Cellphones, toilets and the Inauguration
It's Friday, just a few days before the Inauguration and it's quiet in DC. Well, as quiet as the town gets. My guess is that the locals have fled and the visitors haven't shown up yet. But the visitors are coming -- I've heard they're expecting up to 5 million people are going to try to get down to the festivities on Tuesday. That means that if you got everyone in the entire state of Oregon, and then made a stop and picked up everyone in Idaho, you'd still be short a few hundred thousand bodies to make up the difference.
This is the modern age, and preparations for 5 million people include a new wrinkle: mobile communications. Think of it, 5 million people texting their friends with photos of 5 million people. I've seen estimates of more than 1.4 billion mobile messages are expected to be delivered nationwide on Inauguration Day…
This doesn't count all the people trying to call each other to figure out where they are in the crush of humanity. Tons of emergency calls are a given for the statistical certainty of injury or illness.
Which brings us mobile, mobile communications. The main providers have set up an encampment on the east end of the mall with temporary cell towers:
I don't know how they tie back into the rest of the network, whether they tapped into a trunk or if they have a satellited dish hidden behind the fence, but the fact that such a resource can be deployed on a temporary basis is pretty damn cool.

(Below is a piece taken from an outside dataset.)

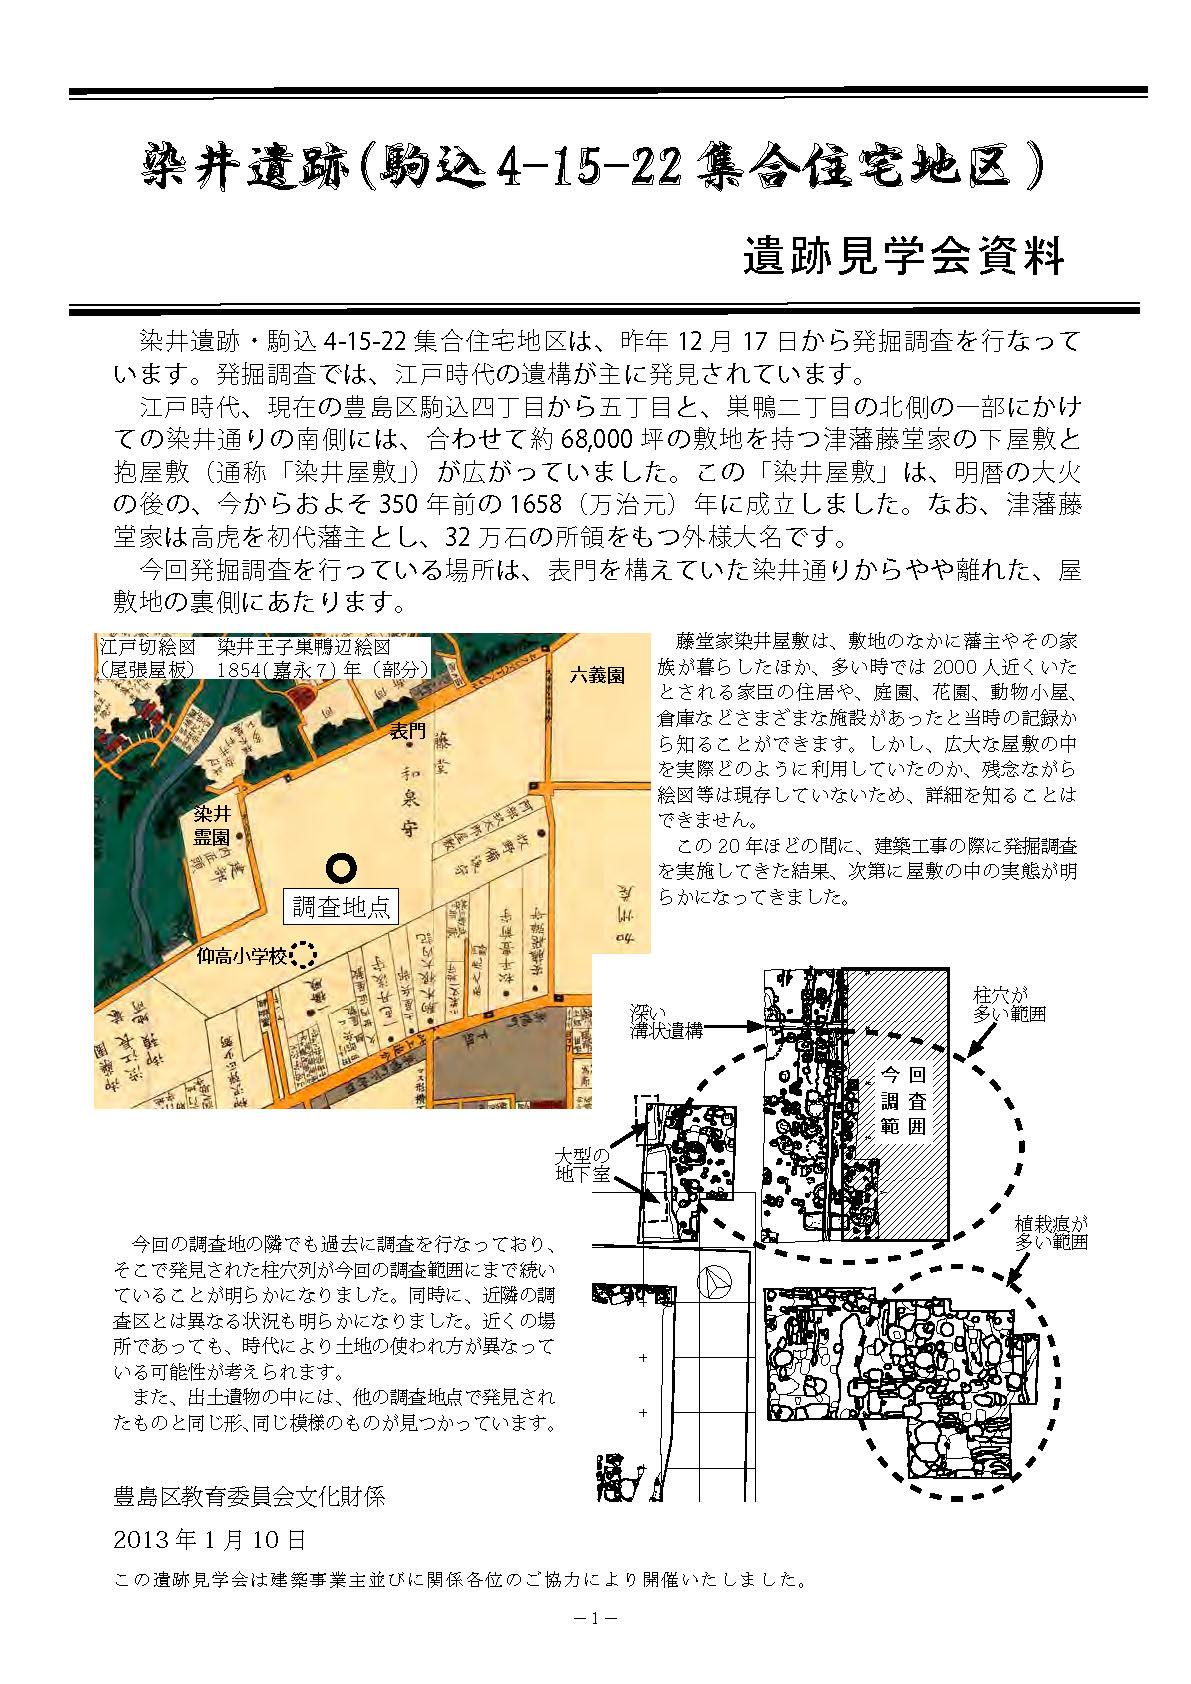 someiiseki-kengaku1301-1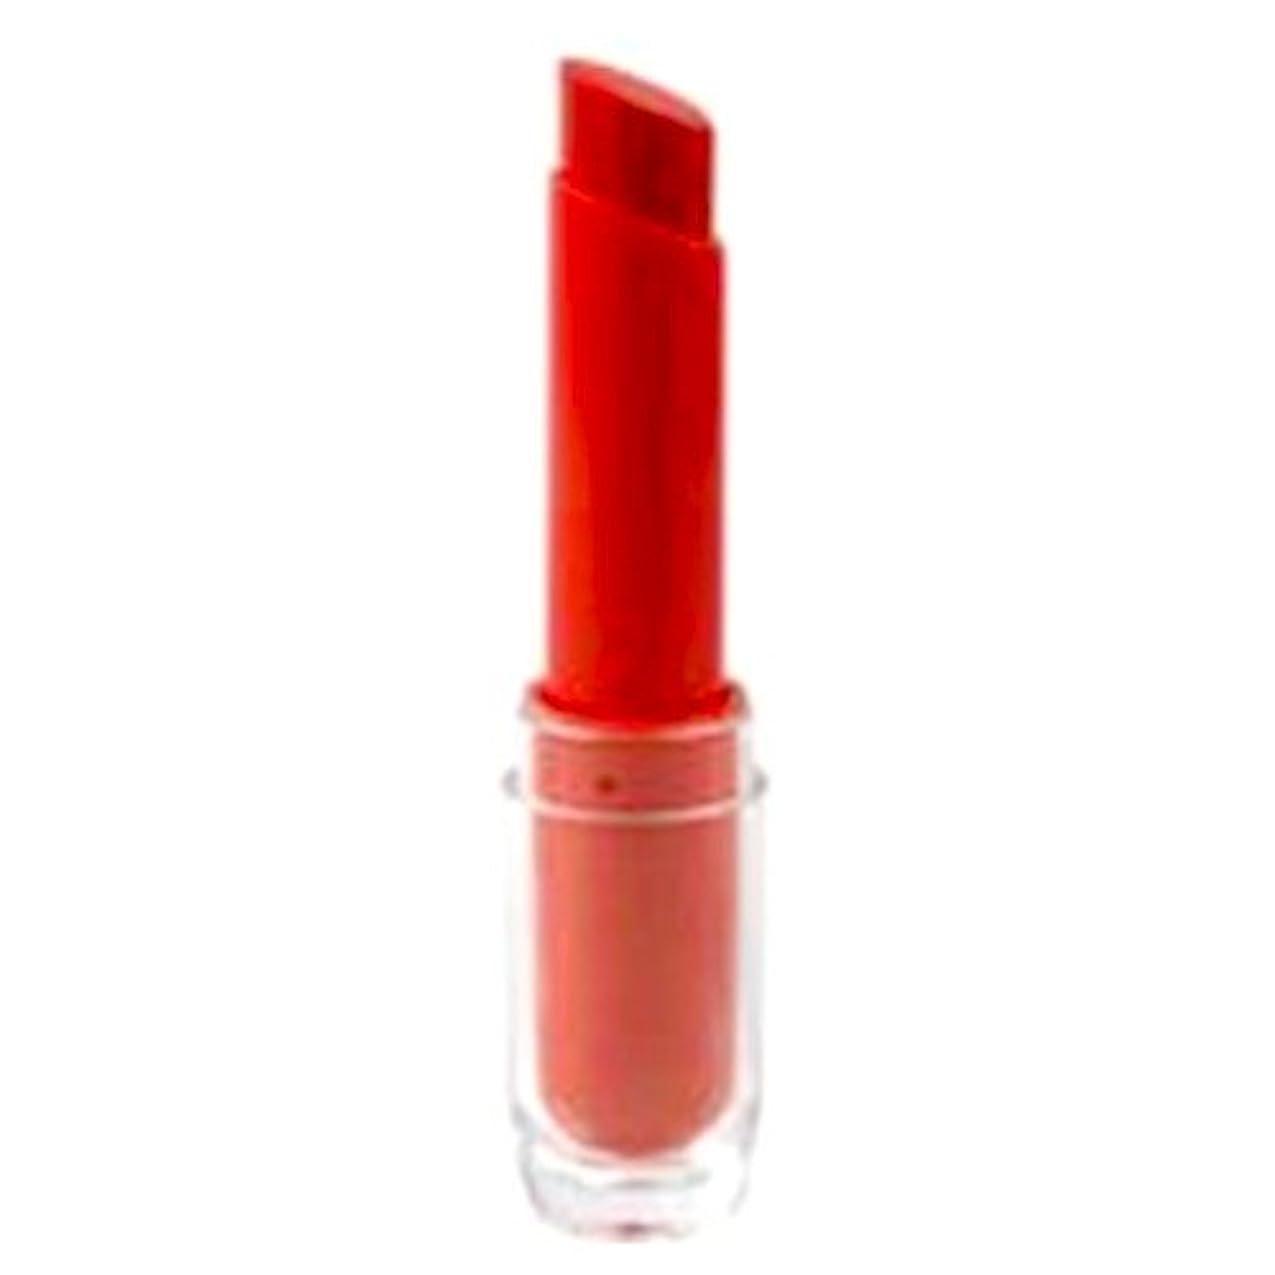 正確なプロフェッショナル道徳のKLEANCOLOR Kleanista Lipstick - Radiant Red (並行輸入品)

Another note on Inaugural Infrastructure comes from the 'Everybody poops' department. The Great Wall of Portapotties has been built from the Capitol for as far down the Mall as I could see. Photos don't do it justice, the sheer volume of plastic boxes is almost overwhelming. Sure, they're building huge scaffolding to hold up huge TVs, the news centers are being built, but the line up of crappers, that's how you know you live in a modern age.